▸ EXERCISE OBJECTIVE
Transcribe the entries below word for word, beginning at the line with "Alugar Apartamento /" and stopping after the line with "Près de 300"; drop all pictures.

▸ AVAILABLE RECORDS
========================

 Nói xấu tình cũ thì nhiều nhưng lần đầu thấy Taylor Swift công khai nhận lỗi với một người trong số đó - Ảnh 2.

========================

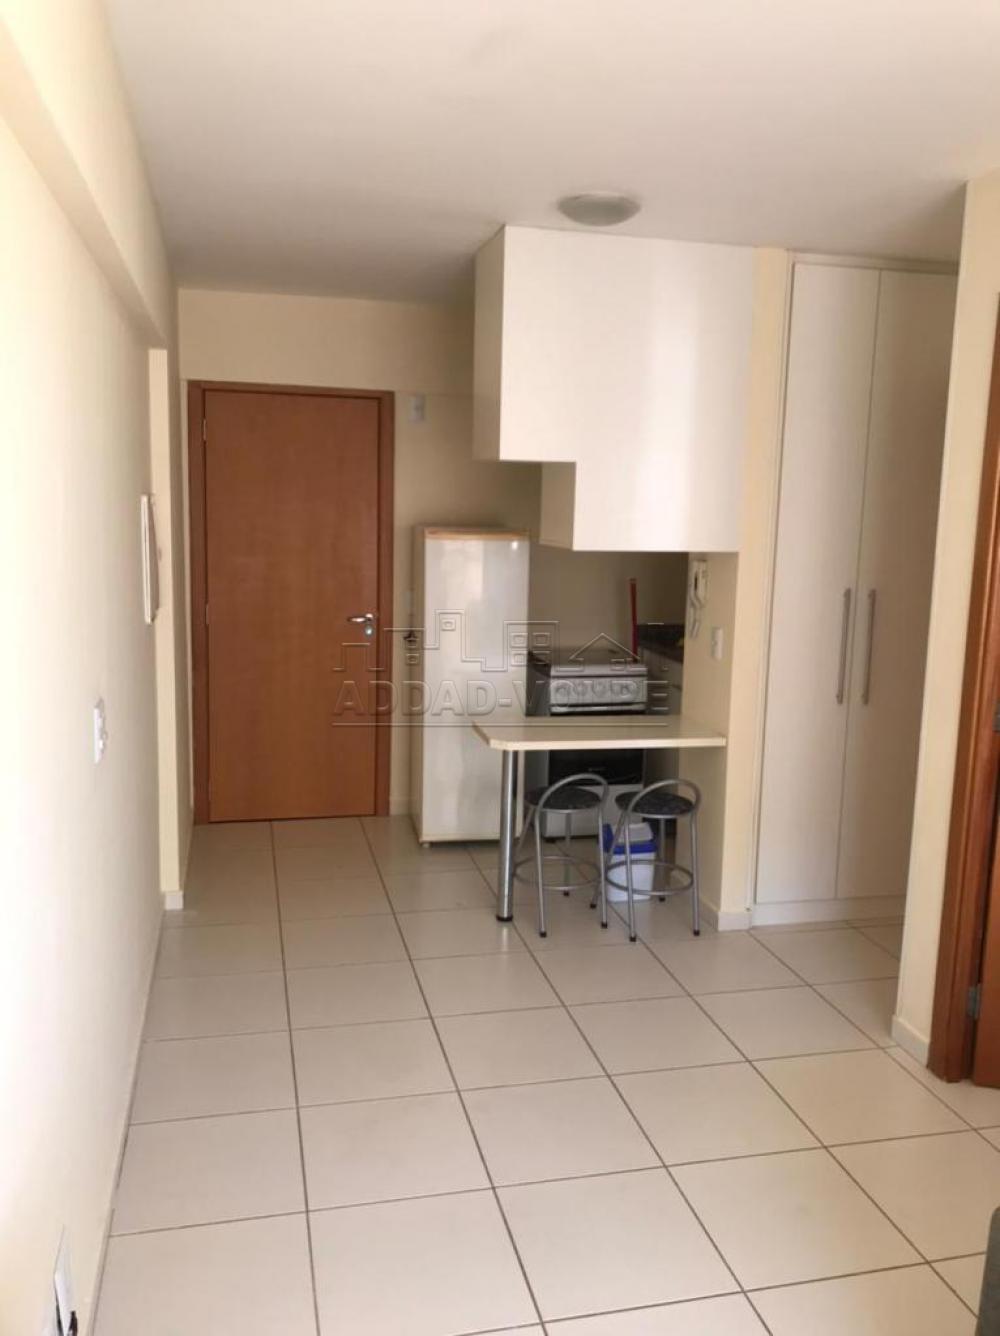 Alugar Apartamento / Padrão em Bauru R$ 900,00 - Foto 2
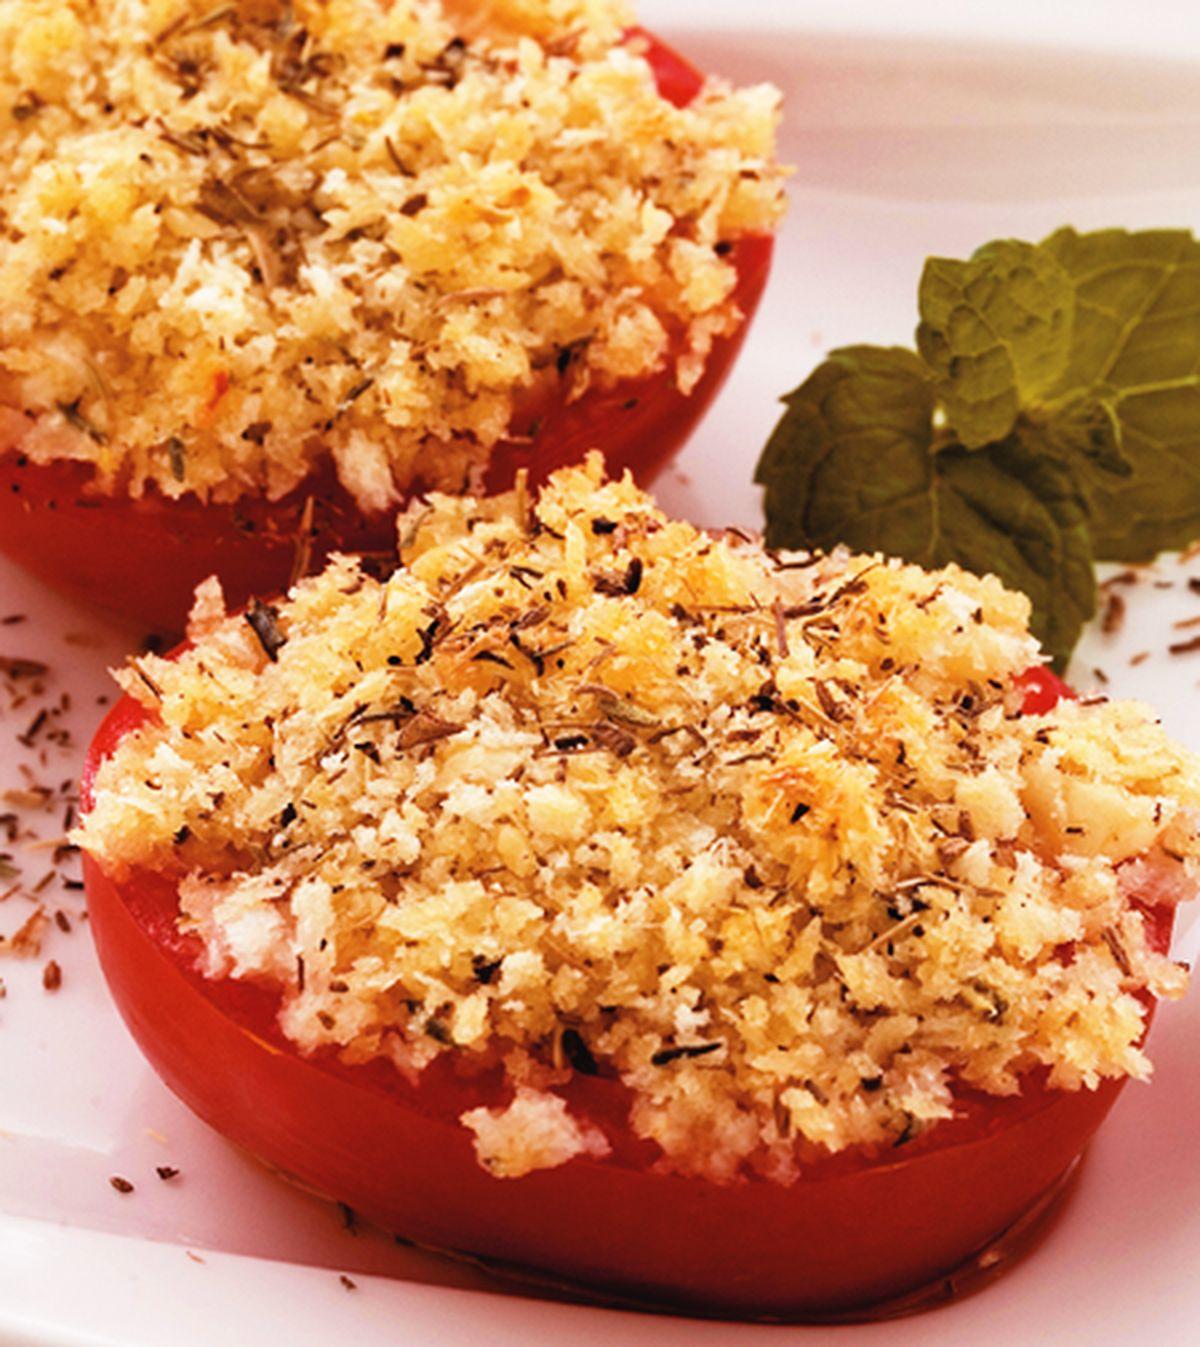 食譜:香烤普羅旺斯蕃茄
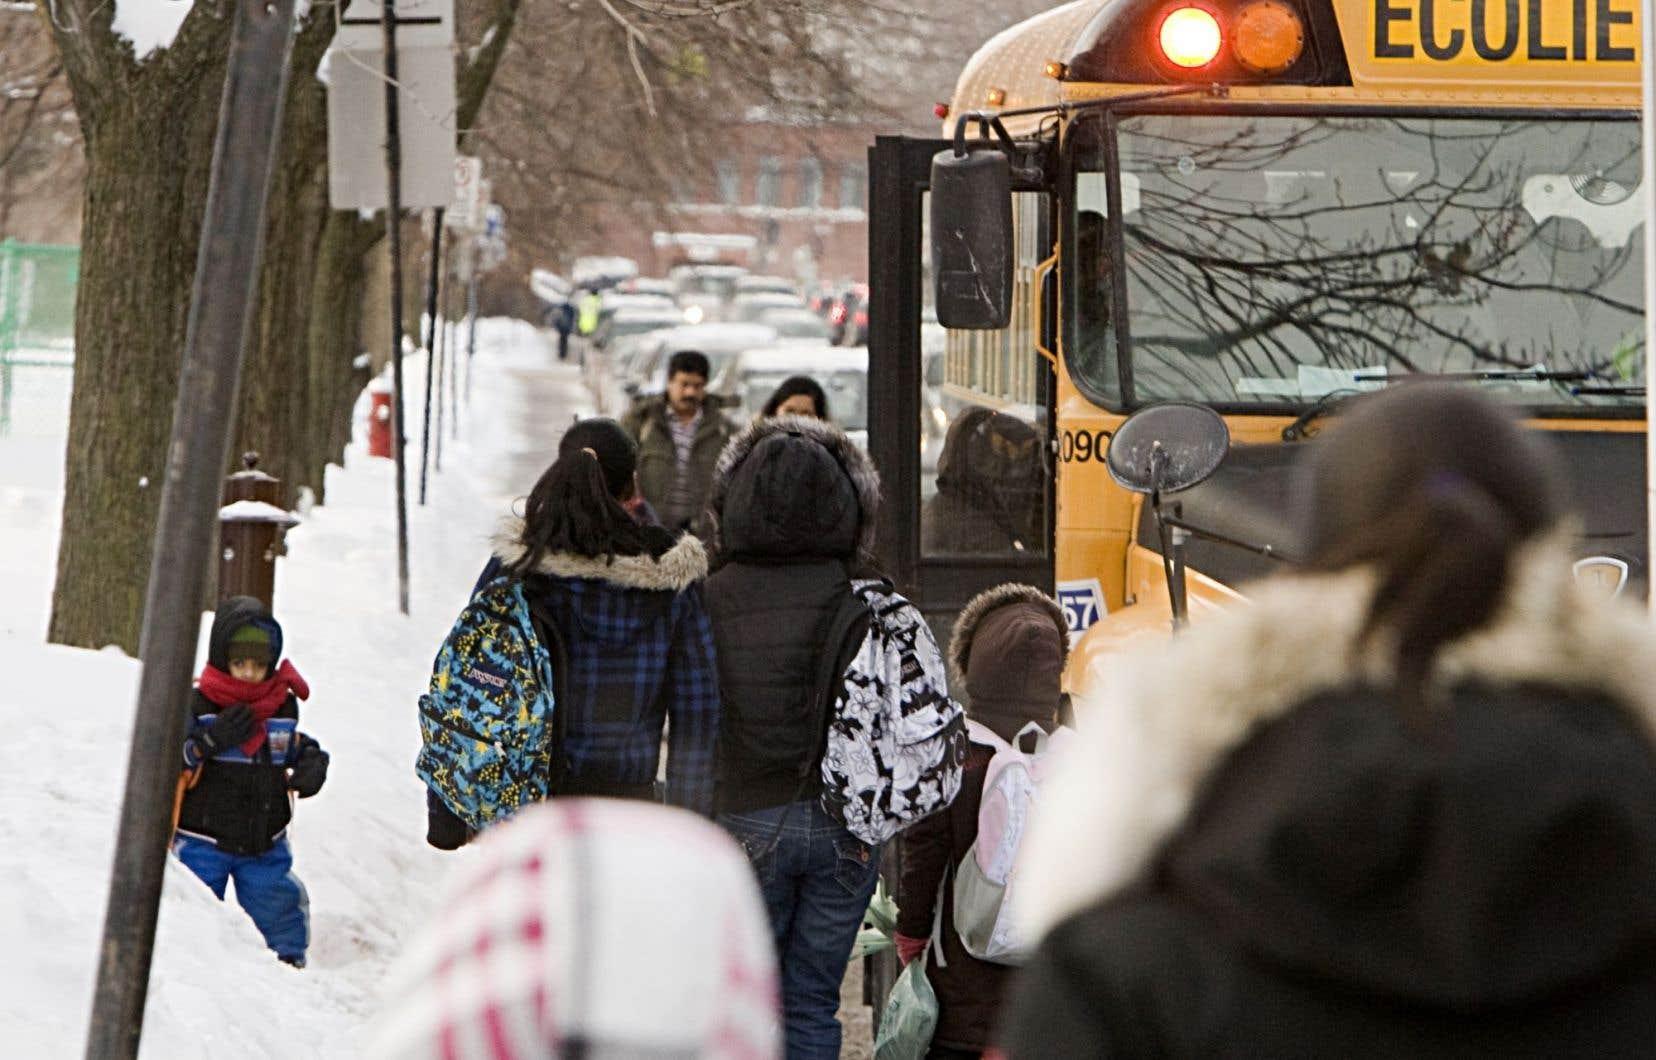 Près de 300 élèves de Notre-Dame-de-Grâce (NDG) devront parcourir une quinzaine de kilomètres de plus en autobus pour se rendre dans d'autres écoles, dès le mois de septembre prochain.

========================

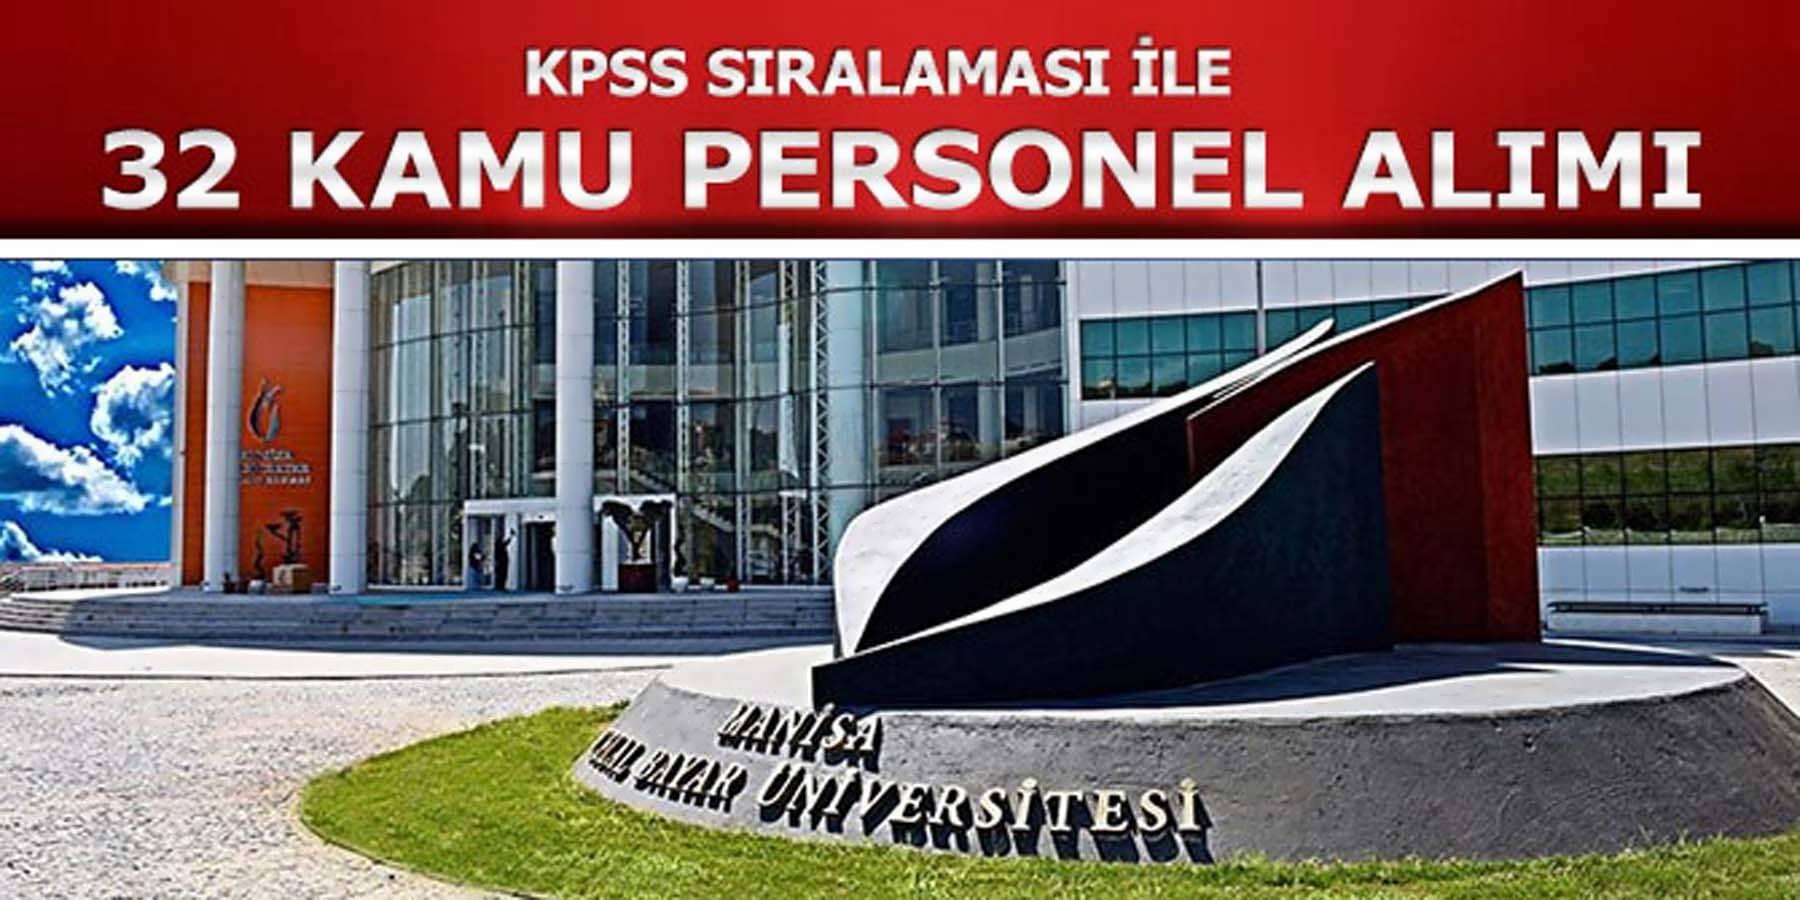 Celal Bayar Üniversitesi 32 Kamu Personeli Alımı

========================

▸ SOLUTION FOR THIS EXERCISE
 Alugar Apartamento / Padrão em Bauru R$ 900,00 - Foto 2
 食譜:香烤普羅旺斯蕃茄
 Près de 300 élèves de Notre-Dame-de-Grâce (NDG) devront parcourir une quinzaine de kilomètres de plus en autobus pour se rendre dans d'autres écoles, dès le mois de septembre prochain.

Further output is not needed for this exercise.